Fossilisation is a complex process that involves the formation of minerals within the tissues of dead organisms.

In the new study, scientists examined different parts of fossil specimen using an electron microscope that could detect chemical elements present in these minerals.

While the fossils came from different parts of the world – including Strawberry Bank in southern England, Posidonia Shale in southern Germany and Ya Ha Tinda in Alberta, Canada – researchers said they showed several similarities.

Citing an example, researchers said they found phosphorus in some of the examined tissues – such as crustacean exoskeletons and vampyropod soft tissues – that don’t usually contain the element, indicating the environment was the source of these minerals.

“We expected there to be some similarities, but finding that they were so similar was a bit surprising,” study co-author Rowan Martindale, an associate professor at UT, said.

“Phosphorus is an element that you don’t expect to see in sedimentary rocks.

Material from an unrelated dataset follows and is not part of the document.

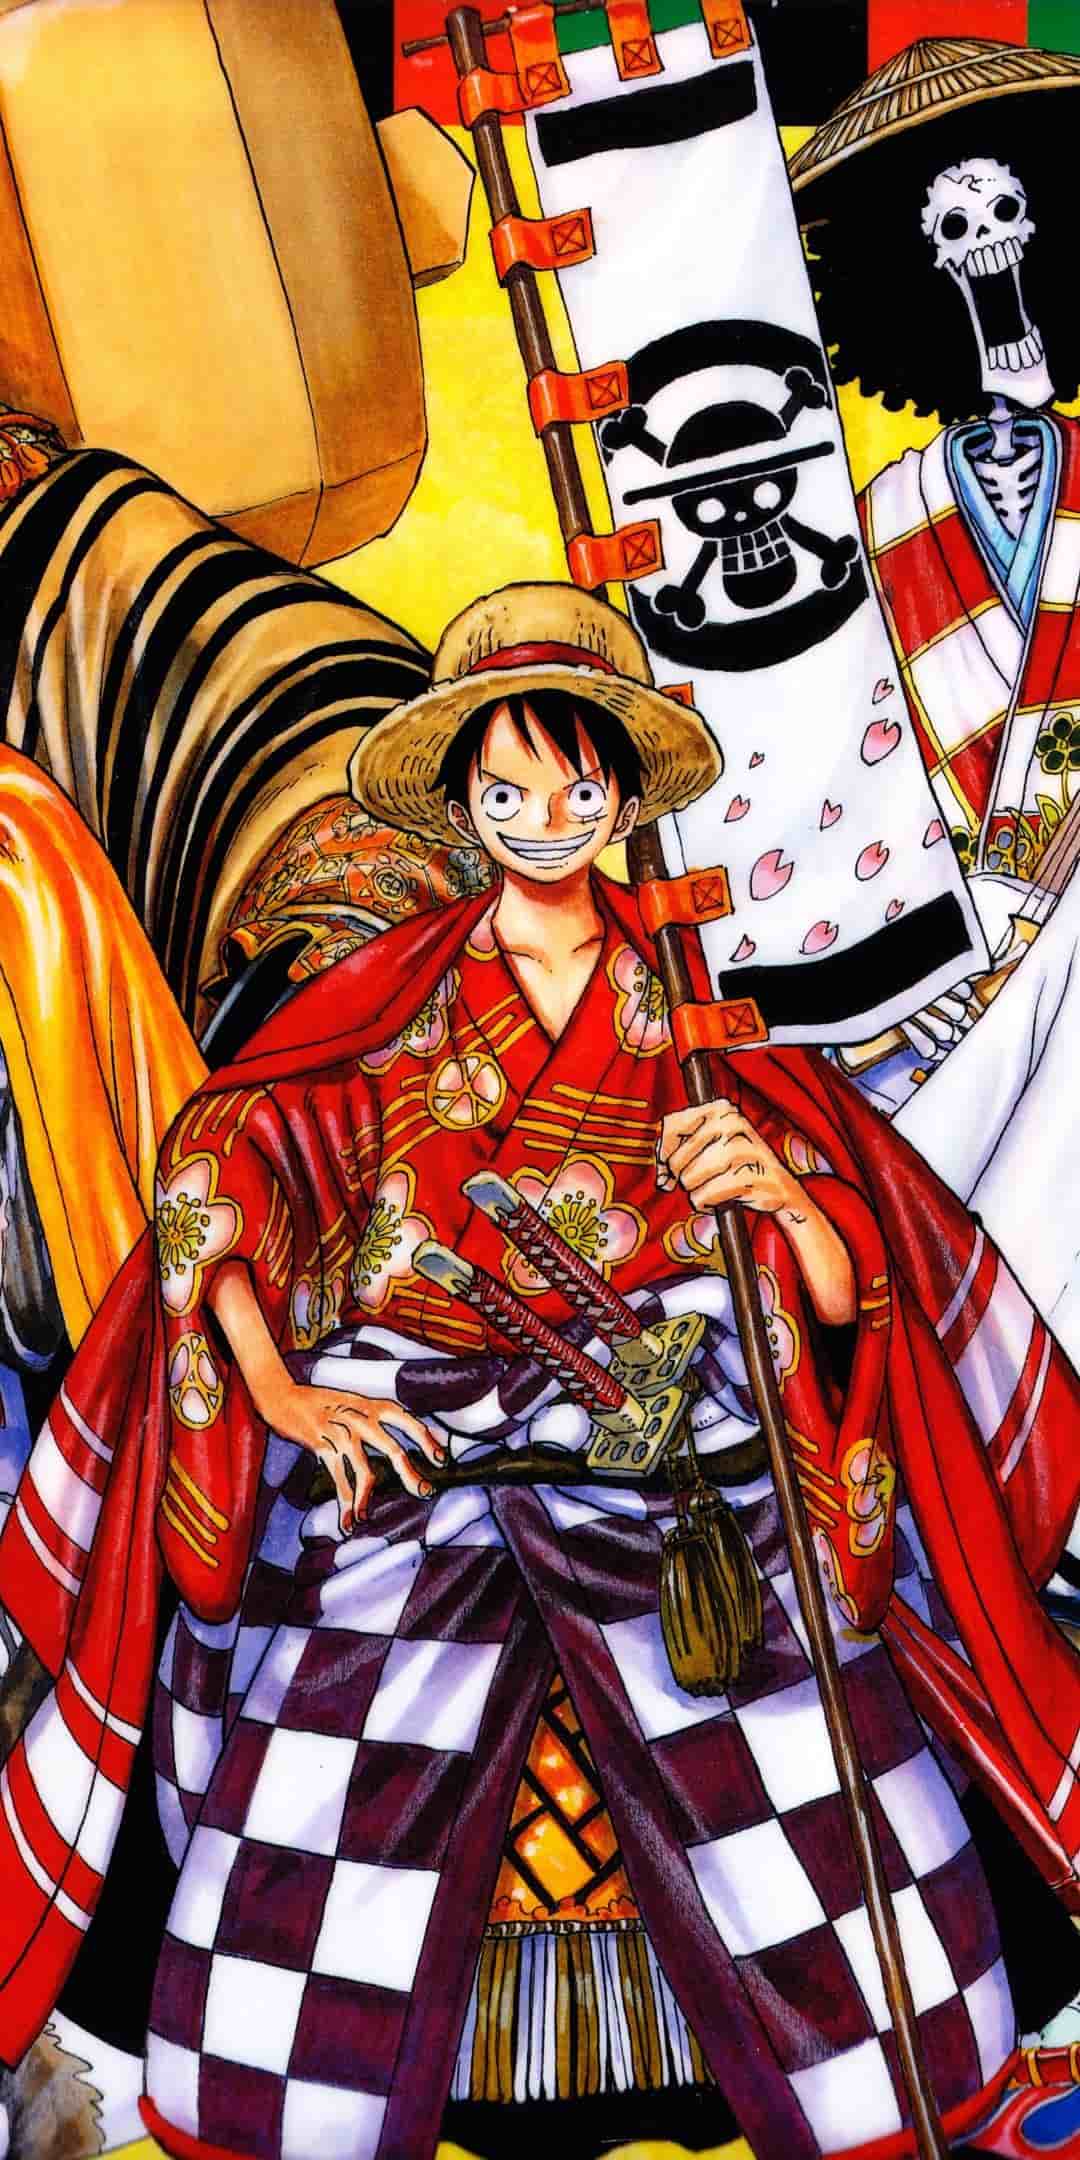 Những bức ảnh anime One Piece ngầu sẽ khiến bạn phải hoàn toàn đam mê với bộ phim nổi tiếng này. Hãy cùng khám phá và trải nghiệm các bức ảnh đẹp mắt về các nhân vật trong One Piece mà không bao giờ bạn thấy chán.

It generally doesn’t get buried in large amounts except in unusual circumstances,” Drew Muscente, another co-author of the study, explained.

Researchers believe a period of extreme and rapid climate change – which was likely caused by an influx of greenhouse gases into the atmosphere by volcanic eruptions during the Early Jurassic about 200 to 145 million years ago – may have been that circumstance.

They said rising global temperatures at the time may have led to increased rainfall that stripped large amounts of phosphorus-rich sediment from rocks on land into the world’s oceans.

“Perhaps one of the biggest takeaways of this work is that global events in the past could have set the stage for the exceptional preservation seen in fossil-rich marine deposits around the world regardless of their location, lithologies, environments, and depositional setting,” Javier Luque, a research associate at Harvard University, who was not part of the study, said in a statement.

While the ongoing human-driven climate crisis is also depleting the oxygen levels of the Earth’s oceans, scientists said it would be “millions of years before anyone can say whether there is a boost in exceptional fossils”.